Top of Information shown

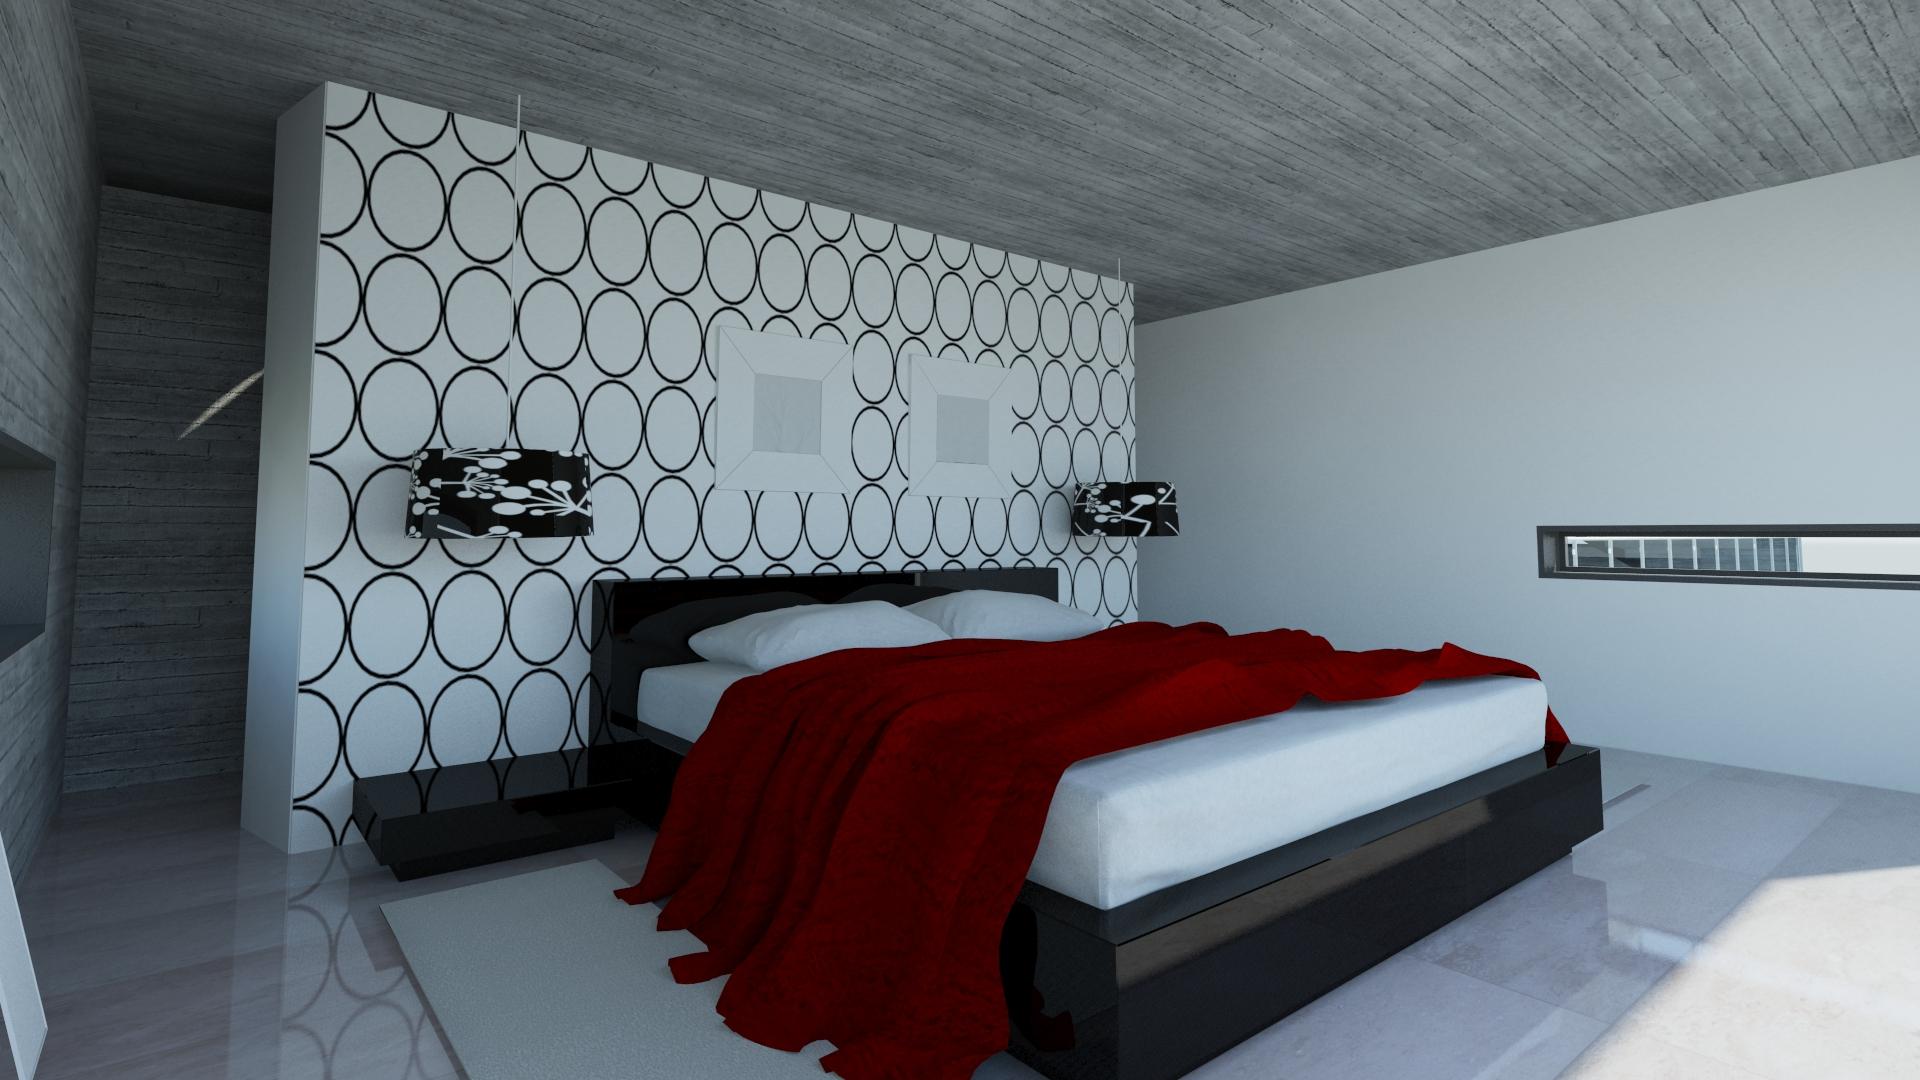 3dmax revit arquitectura by claudio vasquez at for Arquitectura interior
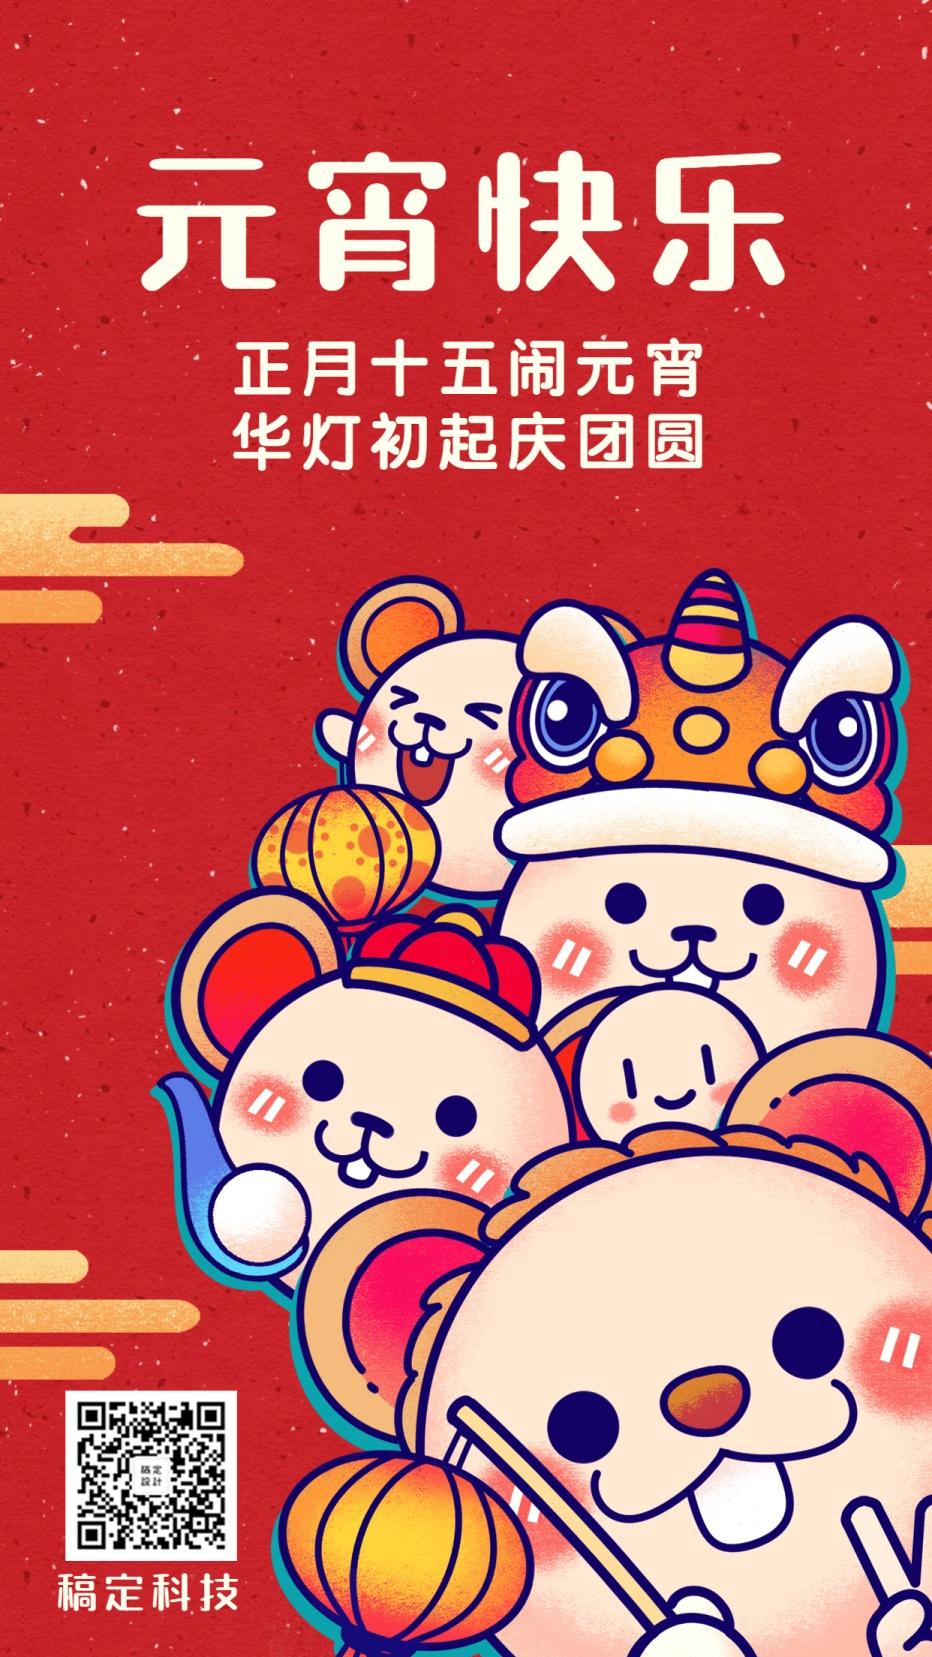 鼠年元宵节节日祝福可爱汤圆手机海报
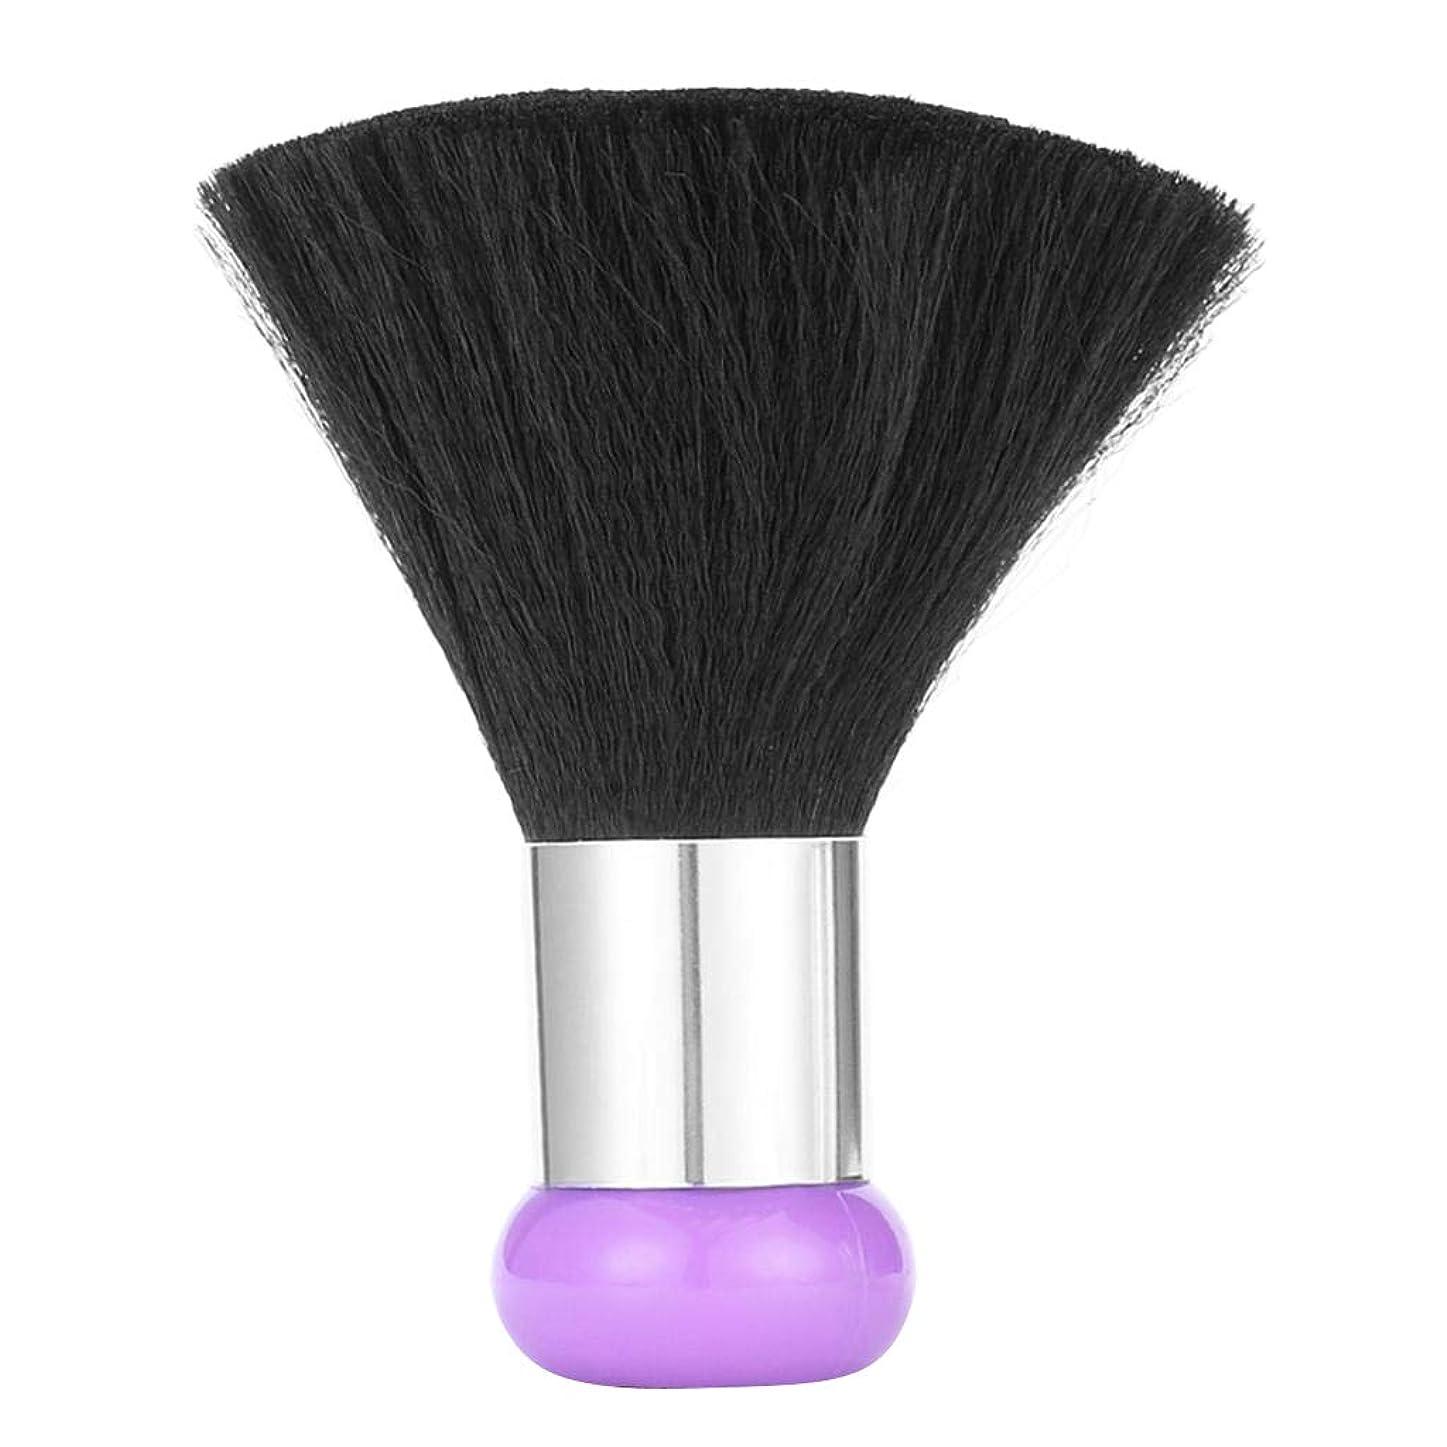 引数チーム何十人もB Blesiya ネックダスターブラシ ヘアカット ヘアブラシ クリーナー プロ 美容院 サロン 2色選べ - 紫
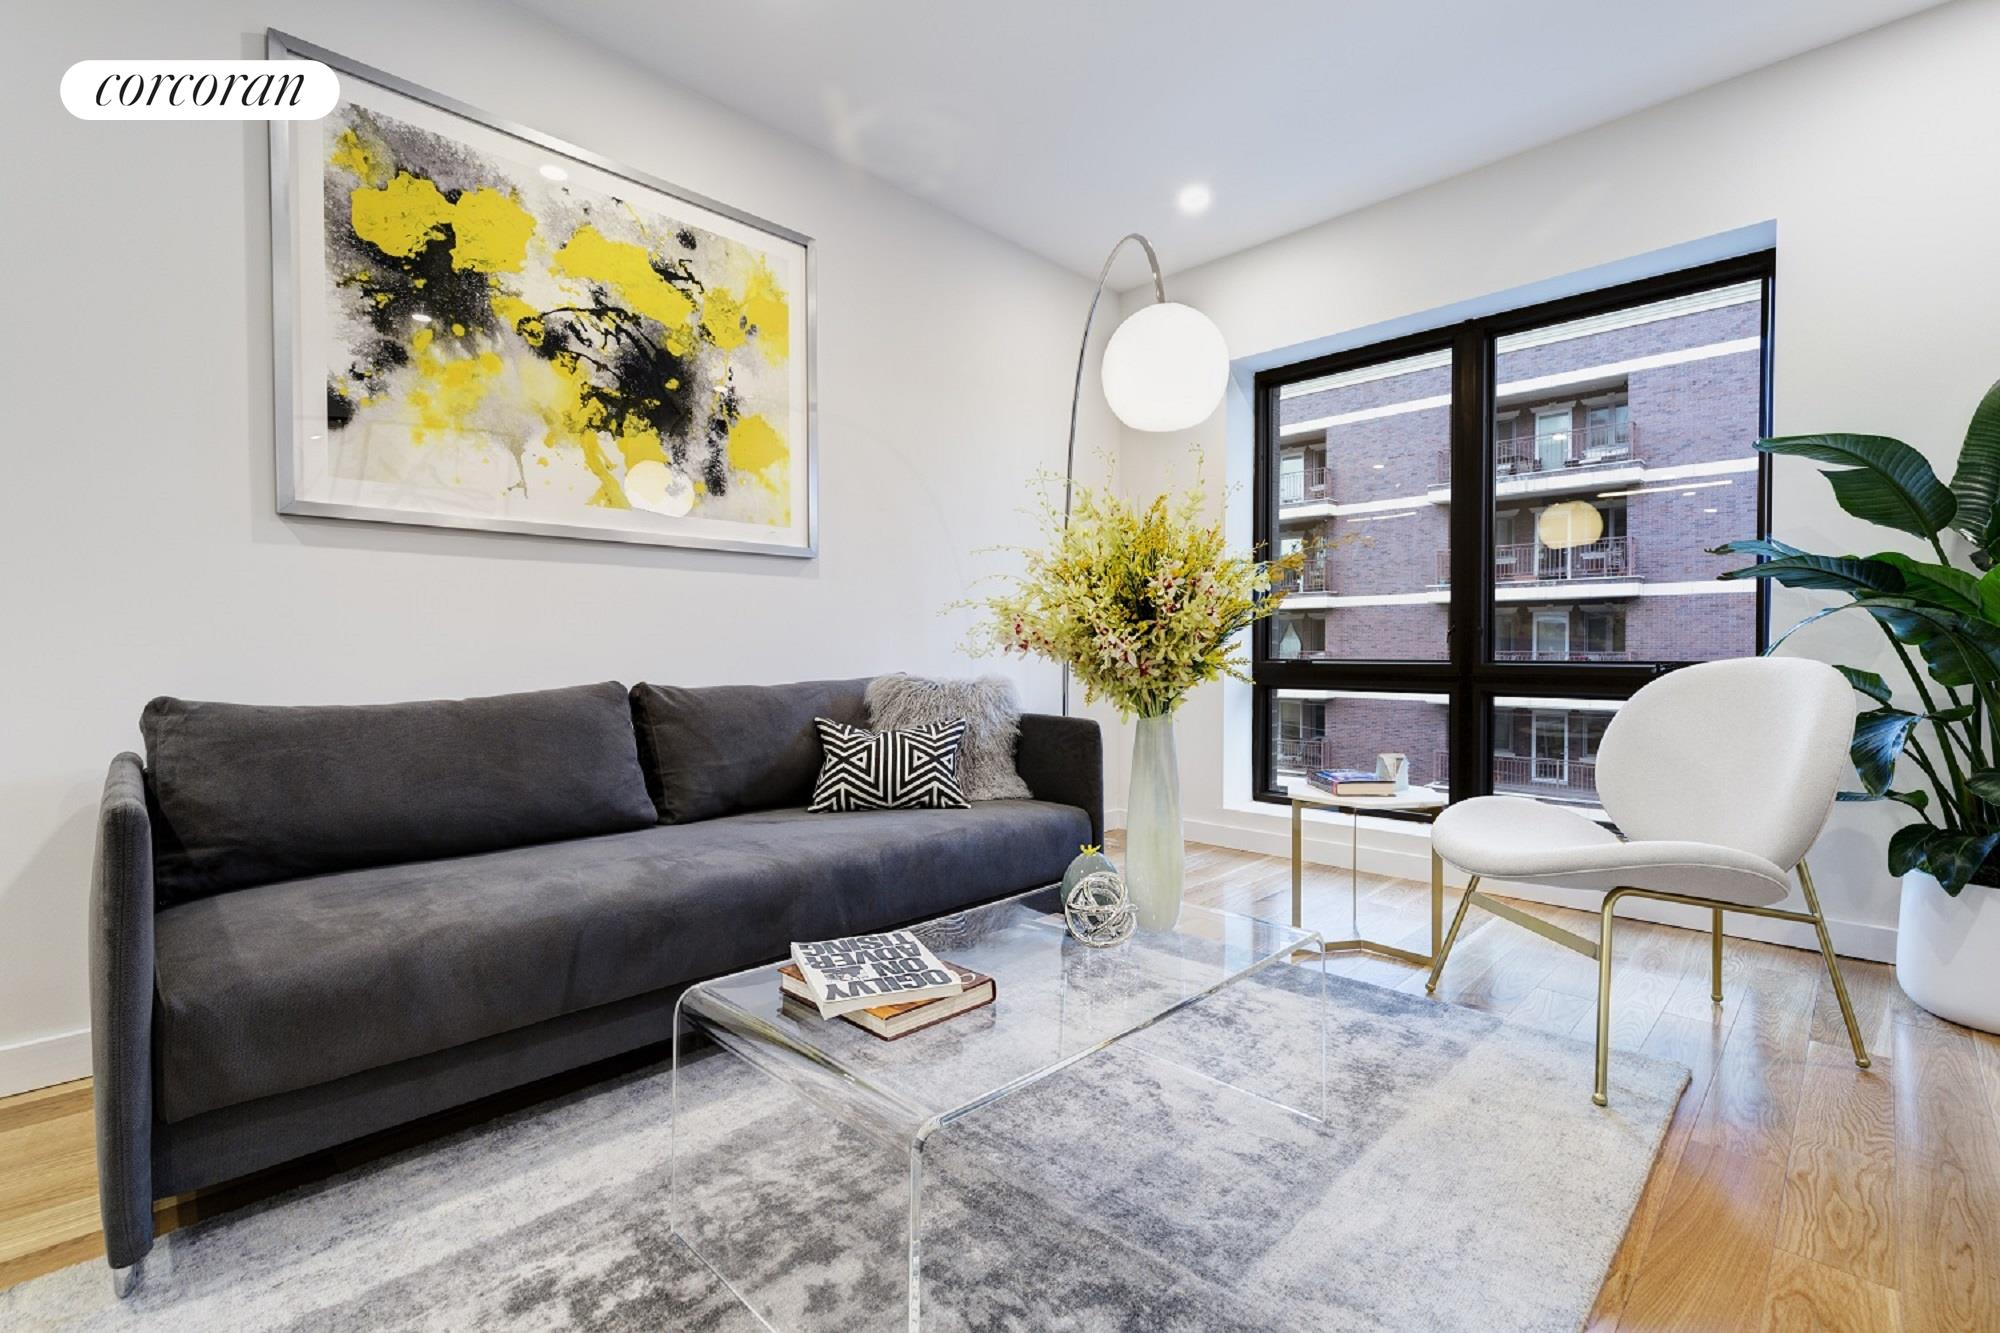 Condominium for Sale at Verona Condominium, 21-17 31st Avenue 4-E 21-17 31st Avenue Queens, New York 11106 United States

Bottom of Information shown

- **Work to complete**
Repeat the line containing "鼠年元宵节节日祝福可爱汤圆手机海报" and every line after it up to the end of the material above, exactly as they stand, minus the pictures.

- **Solution to this task**
 鼠年元宵节节日祝福可爱汤圆手机海报
 引数チーム何十人もB Blesiya ネックダスターブラシ ヘアカット ヘアブラシ クリーナー プロ 美容院 サロン 2色選べ - 紫
 Condominium for Sale at Verona Condominium, 21-17 31st Avenue 4-E 21-17 31st Avenue Queens, New York 11106 United States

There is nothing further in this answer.